From mboxrd@z Thu Jan  1 00:00:00 1970
Return-Path: <linux-btrfs-owner@vger.kernel.org>
Received: from cn.fujitsu.com ([59.151.112.132]:1135 "EHLO
        heian.cn.fujitsu.com" rhost-flags-OK-FAIL-OK-FAIL) by vger.kernel.org
        with ESMTP id S1750776AbdBTFfT (ORCPT
        <rfc822;linux-btrfs@vger.kernel.org>);
        Mon, 20 Feb 2017 00:35:19 -0500
Subject: Re: [PATCH] qgroup: Retry after commit on getting EDQUOT
To: Goldwyn Rodrigues <rgoldwyn@suse.de>, <linux-btrfs@vger.kernel.org>
References: <20170219133059.20939-1-rgoldwyn@suse.de>
 <41d7ef6d-28fe-7d32-982f-57823e3ce943@cn.fujitsu.com>
 <227e0a99-5eae-03d4-1a9a-b9bc45861c8a@suse.de>
CC: Goldwyn Rodrigues <rgoldwyn@suse.com>
From: Qu Wenruo <quwenruo@cn.fujitsu.com>
Message-ID: <378f0cca-67fe-212d-f6fe-b5f248cb85ee@cn.fujitsu.com>
Date: Mon, 20 Feb 2017 13:35:02 +0800
MIME-Version: 1.0
In-Reply-To: <227e0a99-5eae-03d4-1a9a-b9bc45861c8a@suse.de>
Content-Type: text/plain; charset="utf-8"; format=flowed
Sender: linux-btrfs-owner@vger.kernel.org
List-ID: <linux-btrfs.vger.kernel.org>


At 02/20/2017 12:35 PM, Goldwyn Rodrigues wrote:
> Hi Qu,
>
> On 02/19/2017 09:07 PM, Qu Wenruo wrote:
>>
>>
>> At 02/19/2017 09:30 PM, Goldwyn Rodrigues wrote:
>>> From: Goldwyn Rodrigues <rgoldwyn@suse.com>
>>>
>>> We are facing the same problem with EDQUOT which was experienced with
>>> ENOSPC. Not sure if we require a full ticketing system such as ENOSPC,
>>> but
>>> here is a fix.

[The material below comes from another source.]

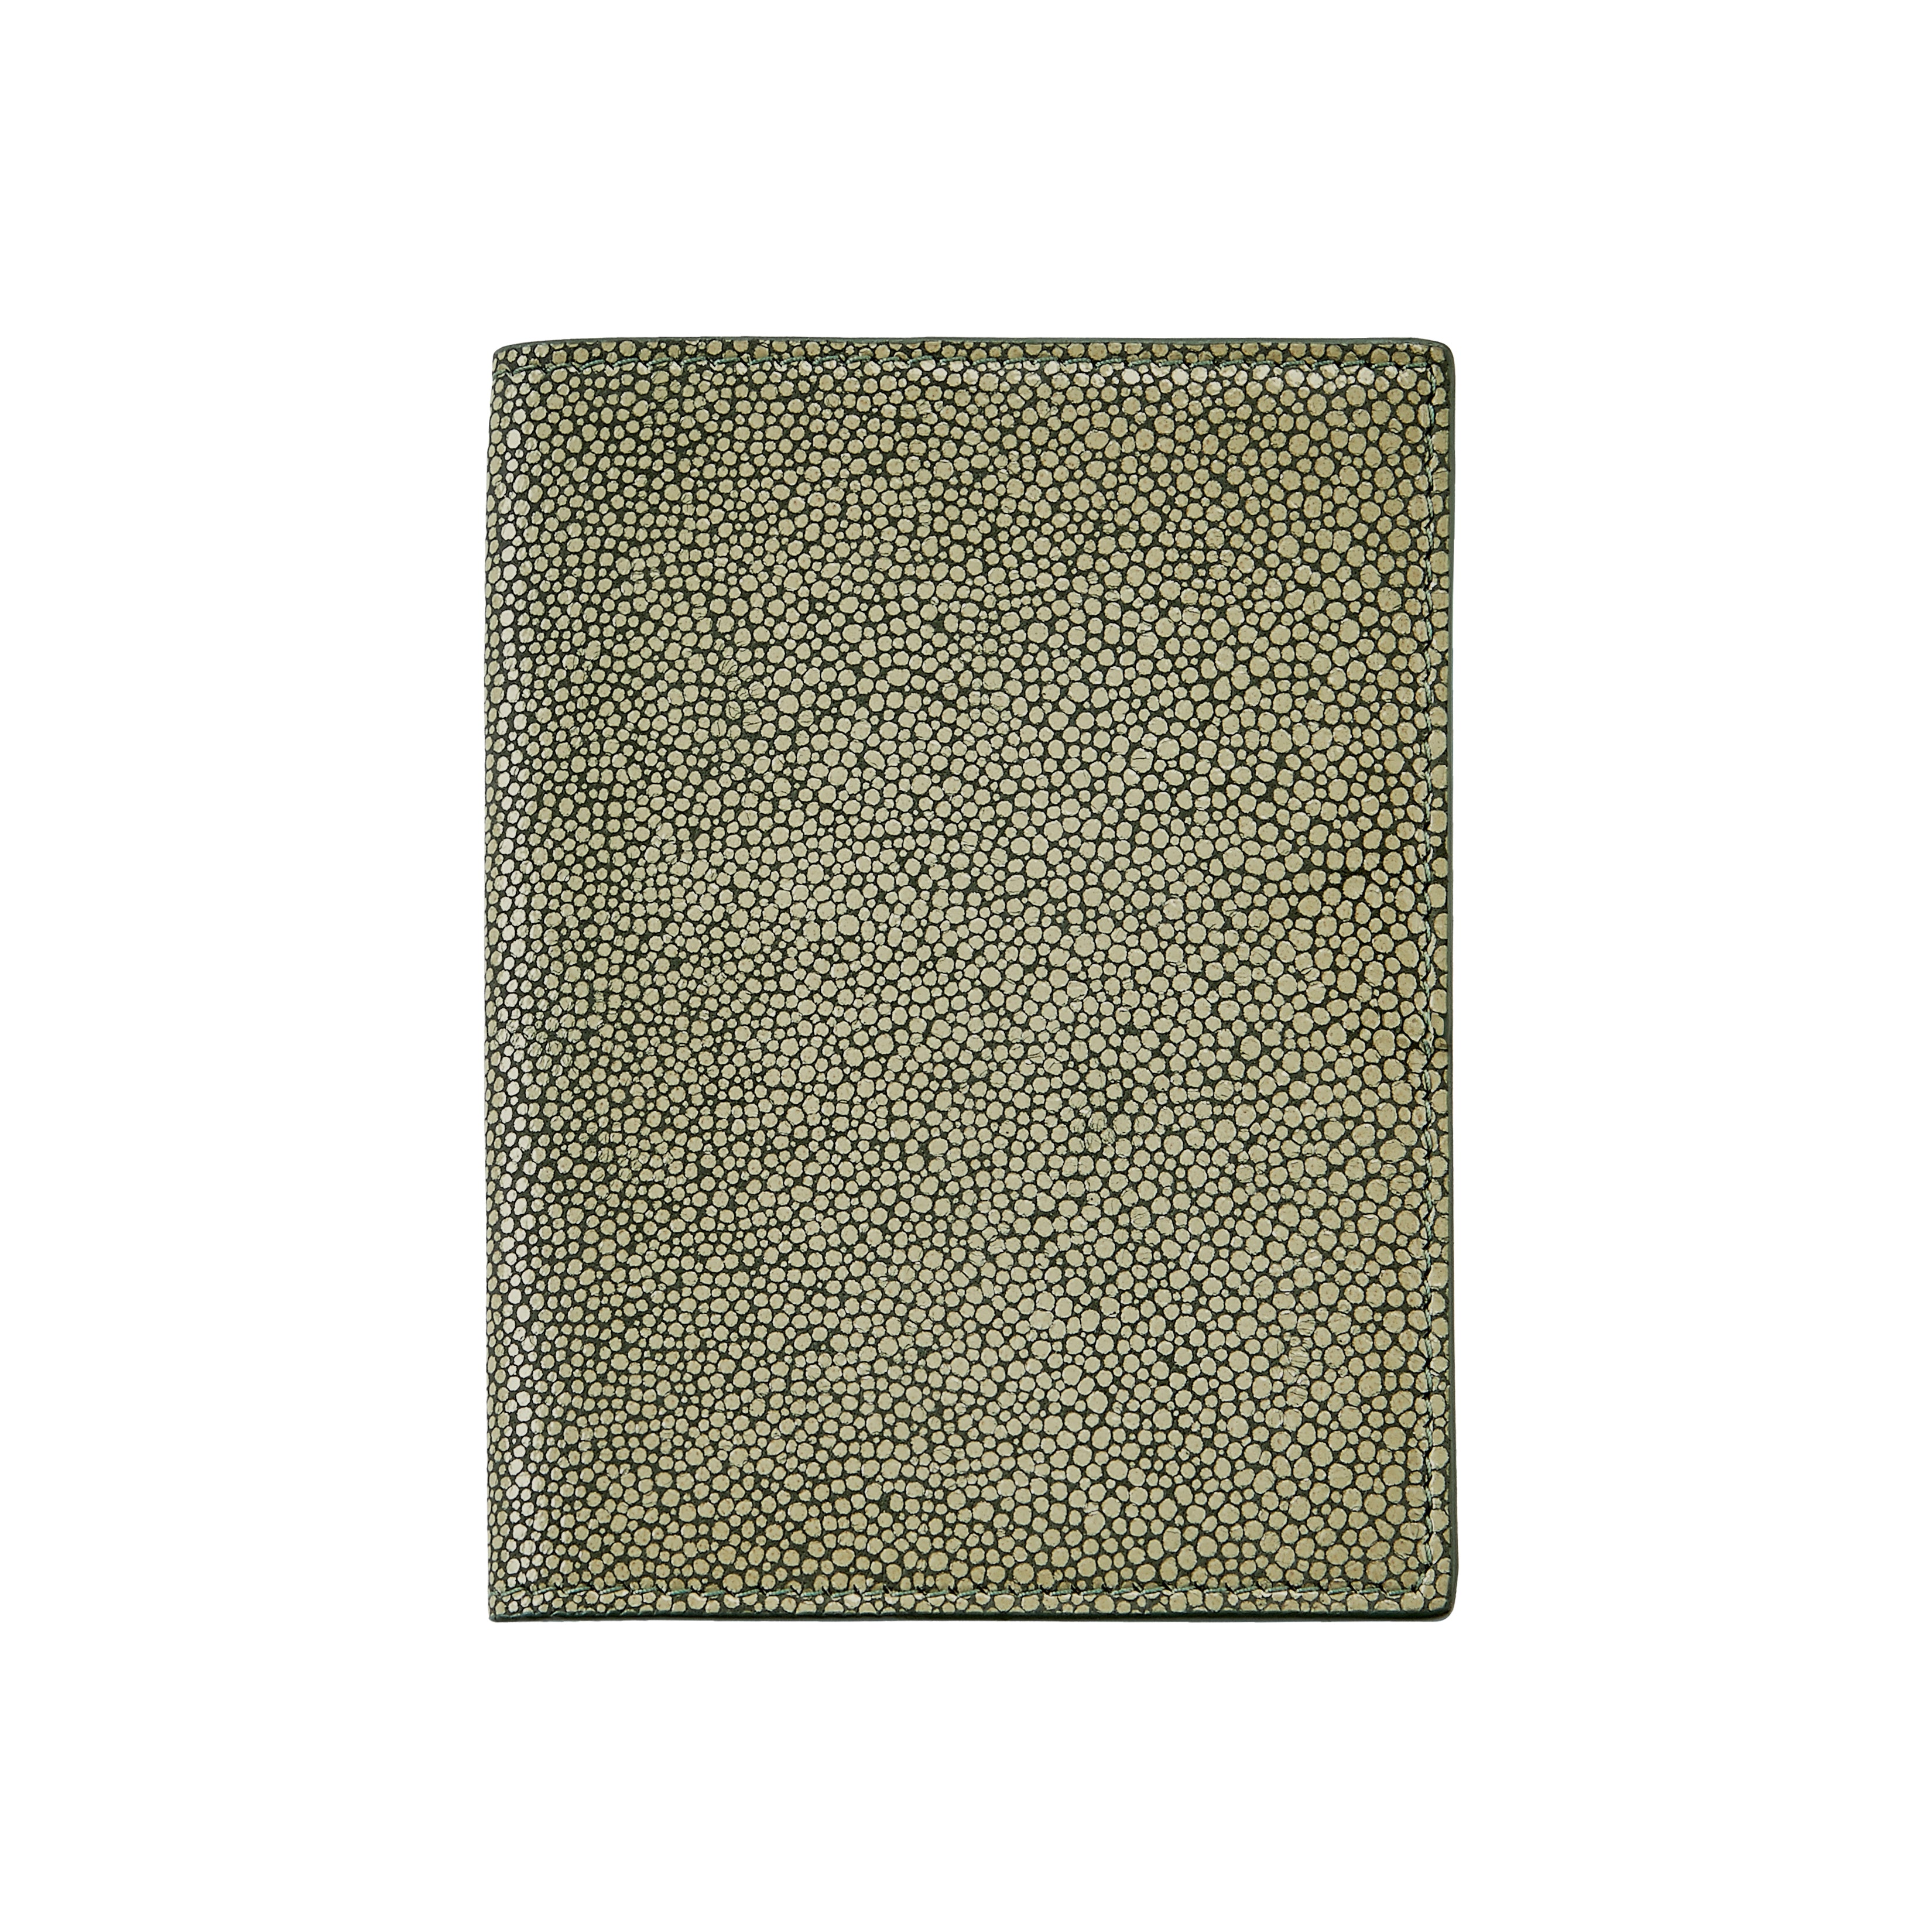 Graphic Image Passport Holder Embossed Green Shagreen Leather

Let me know if it is too big a hammer.
>>>
>>> Quotas are reserved during the start of an operation, incrementing
>>> qg->reserved. However, it is written to disk in a commit_transaction
>>> which could take as long as commit_interval. In the meantime there
>>> could be deletions which are not accounted for because deletions are
>>> accounted for only while committed (free_refroot). So, when we get
>>> a EDQUOT flush the data to disk and try again.
>>
>> IIRC Jeff submitted a qgroup patch to allow unlink to be done even we
>> already hit EDQUOT.
>> https://patchwork.kernel.org/patch/9537193/
>>
>> I think that's a better solution, which is quite like what we do to
>> handle ENOSPC.
>>
>
> These are two separate issues. This issue is where qg->reserved gets
> over-inflated because of repeated deletions and recreations within a
> commit_interval.

My fault, that's indeed two different bugs.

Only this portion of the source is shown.